I went to my old high school today. It was awful. I arrived and I couldn’t find anyone for a while so I just decided to randomly walk around the building for a while. I got made fun of for wearing my sunglasses indoors by some random dude (really? REALLY???) who apparently thought I was ‘trying to be cool’ (in reality I was just really fucking stoned… how sheltered are these people?)… I eventually ran into an old teacher of mine who found one of my old friends and I went to sit with her and two other visitors (apparently, she’s really popular??). I was the odd one out, again, because I am just fucking different. I dress differently (jeans I cut off myself, my dad’s jacket… sunglasses), I have different hobbies, talk about different things (also I was just being high and goofing around, and these people are the biggest anti-stoners on the planet so you can kinda get the issue here…). I just couldn’t connect with them you know. I accidentally punched my old friend because she sneaked up on me and it scared me sooo badly. It wasn’t her intention of course so it was kinda embarrassing…. one of the other visitors bought us all food after my friend was done with school, which was nice but it makes me feel guilty someone spent money on me, and I can never pay them back. So I went home.
And when I got home, I felt even lonelier. Eventually I realised why: it is because going made me realise going back to my old friends is just really not an option, because they are so different from myself. Which means I need to find new friends some other way…. I just wish people would chill with me man… I’m really not that bad, I am really quite nice.. sometimes… right? I can be fun, really, I just need to go out more… RIGHT? Nah, it’s true, I just am a horrible person to be with, going on the two months since I had fun in a social situation, and apparently that was enough to turn everyone against me. Because ever since they have been acting fucking weird, avoiding me n acting weird and stuff. Next week, I might go to a psychedelic music festival at the beach, the people I apparently turned against me are going too. I’m going to try to talk to them for a bit, but if they are still acting fucked up I will probably still go, I’ll end up having fun… probably…
4 comments
Believe me when I say, you are not weird. I read your essay and actually laughed when you said you punched your friend accidentally LOL. You seem like a friendly, chill and funny person. And who cares if someone makes fun of you. Laugh at them! Cuz they’re ignorant and don’t know the real you!
No one hated you I’ll bet. They are all just jealous. You’re such a beautiful girl!
Haha,
You sound like a girl I used to know at one point.
I don’t post here much anymore, because people got all their other problems and don’t need mine, but here’s the deal.

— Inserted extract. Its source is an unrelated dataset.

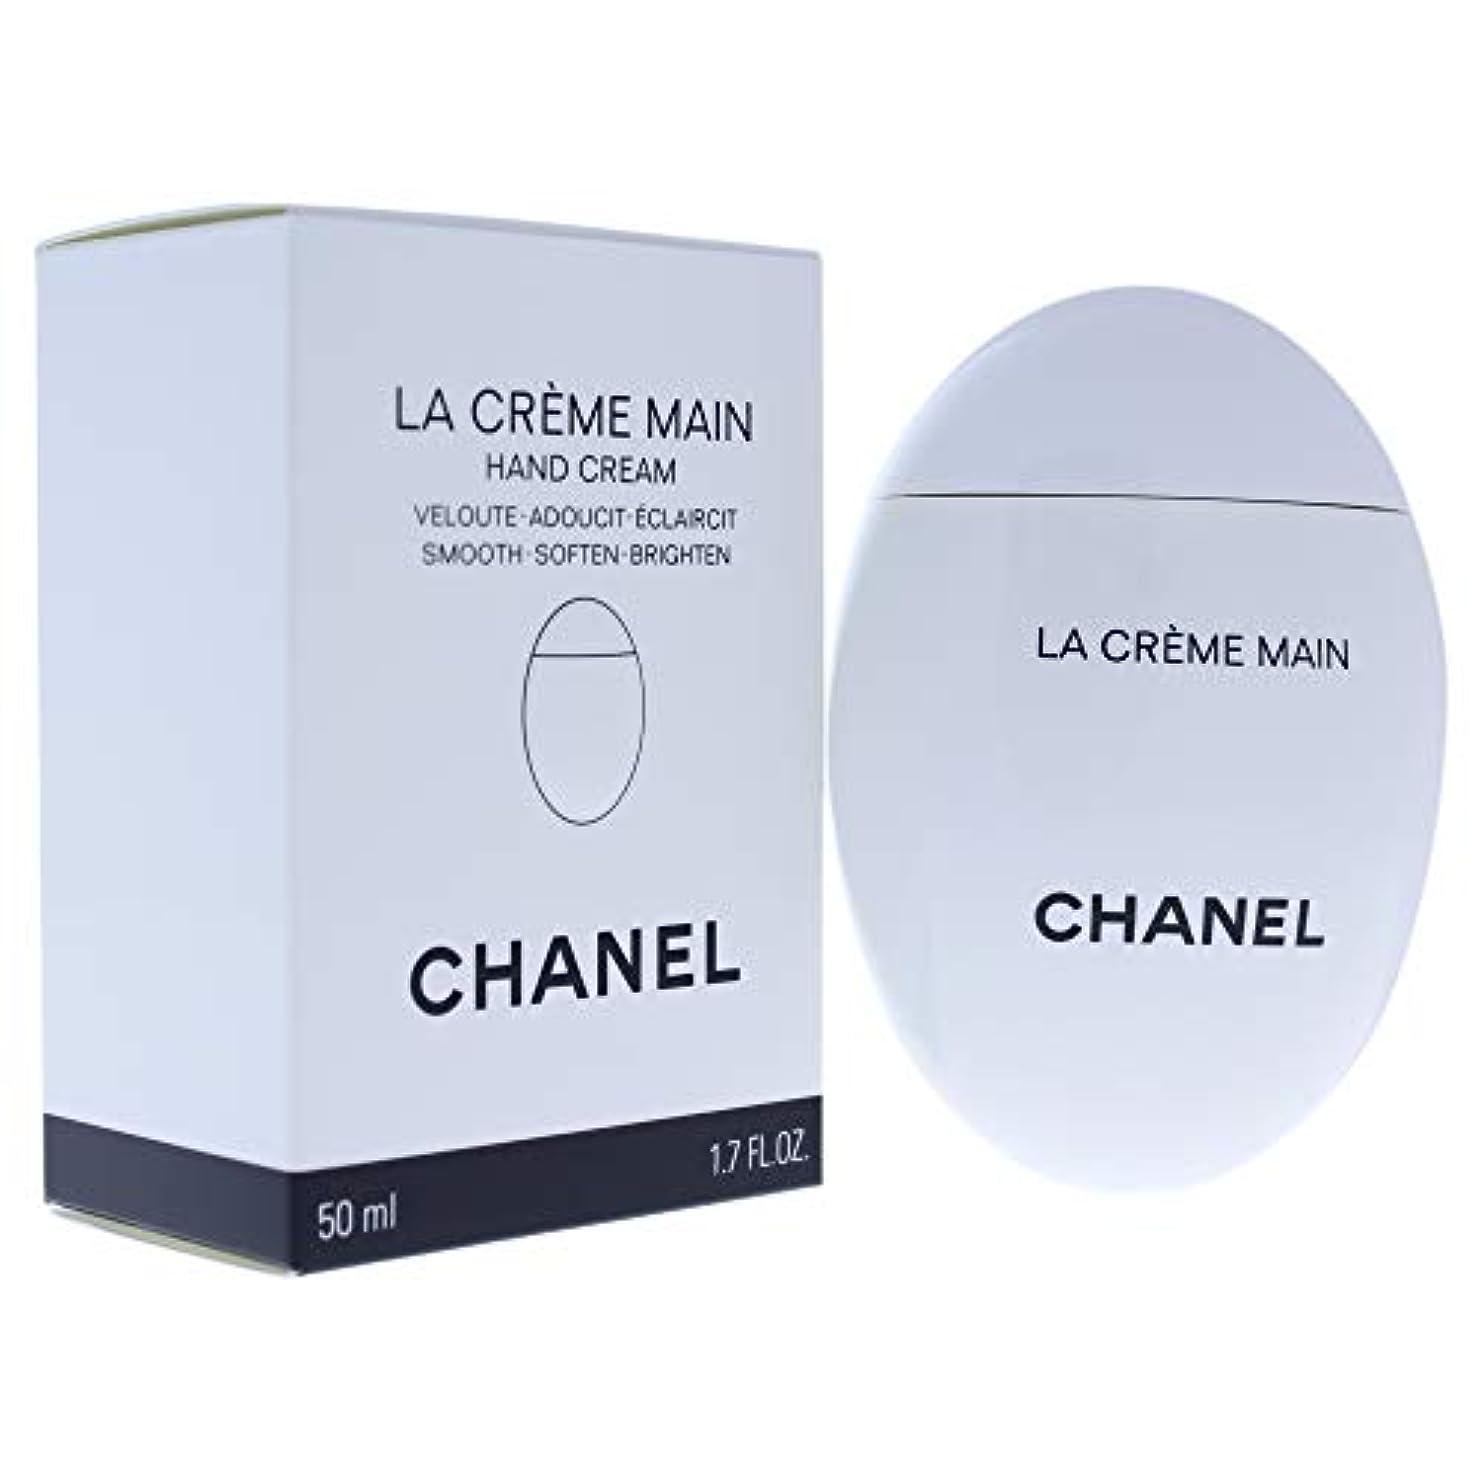 ベンチャー出会い繰り返したCHANEL LA CRÈME MAIN シャネル ラ クレーム マン ハンドクリーム 50ml
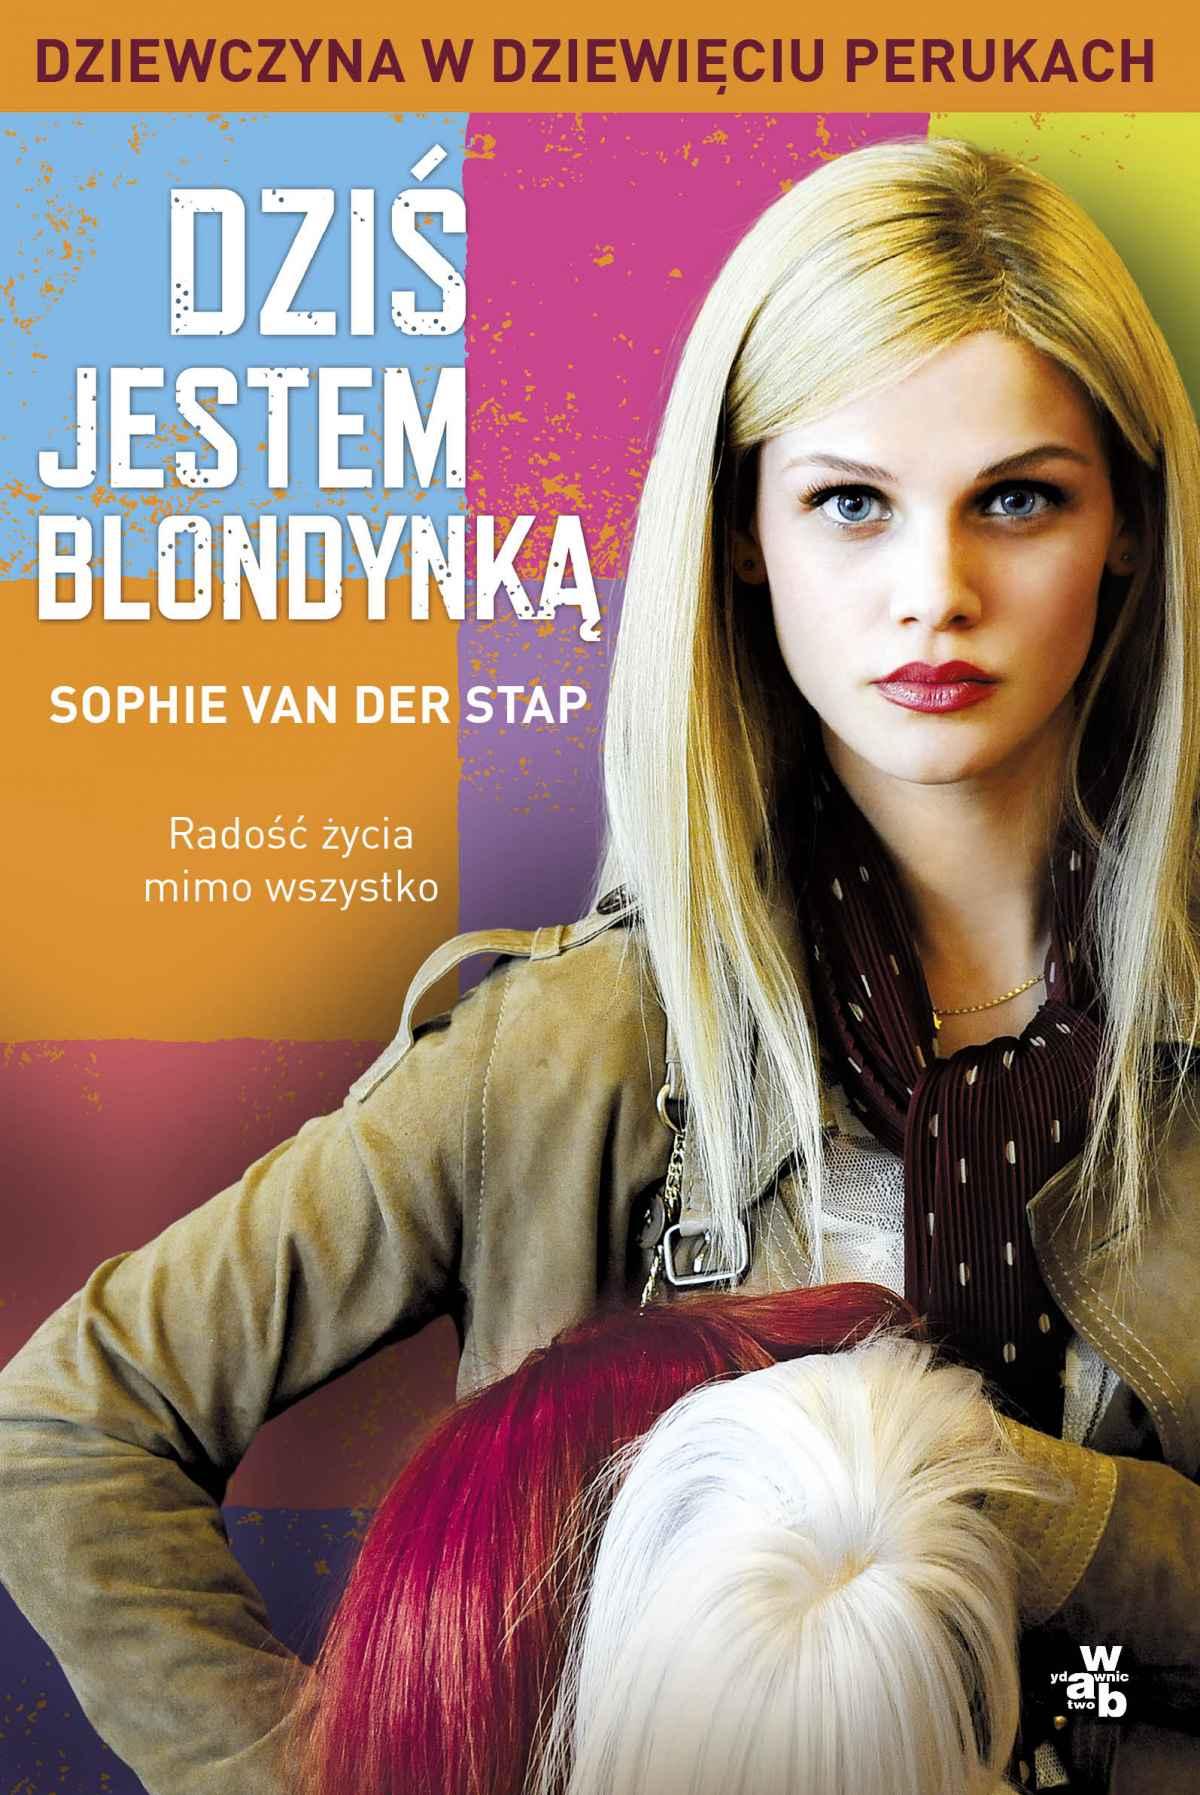 Dziś jestem blondynką. Dziewczyna w dziewięciu perukach - Ebook (Książka na Kindle) do pobrania w formacie MOBI

There was this girl I knew. Kindest thing ever. One who hurt lots though. She would pretend things wouldn’t matter to her, but they did. I could see she needed some love, so I gave her friendship and stuff.
You’re beautiful? I wouldn’t know. I’m blind, but the fact of the matter is, people may have said, “Oh you’re beautiful, so you should have friends”.
But if you are generally a sweet girl, things can work for you.
Drop me a line if needed. If you want, email me. brl.cents@gmail.com
Ask me if you want for my number, and we can talk. I really know what it’s like to be lonely. Believe me, I’m lonely every single day.
Sounds like me. Shorts i cut myself, dyed hair, hoodie under my uniform shirt at school. I stood out too much and was also the ivnerse, the kids at my school were stoners, heavy drug users, and the regular pot smokers. I don’t do drugs so of course I was wayyyy out there in their eyes. Ah i planned to visit my high school but I feel that it I will have the same kind of fun as you had, or worse the vice principal will tell me I’m not allowed on school grounds anymore. At my school if you leave or get kicked out you aren’t allowed to ever come back. I graduated but I had a troubled school life and was constantly in trouble so good reasons/excuse for them to deny me entry. I’m quite sorry that you endured that Ford. It’s a trip going back to somewhere from your past and feeling worse about it all than you did before.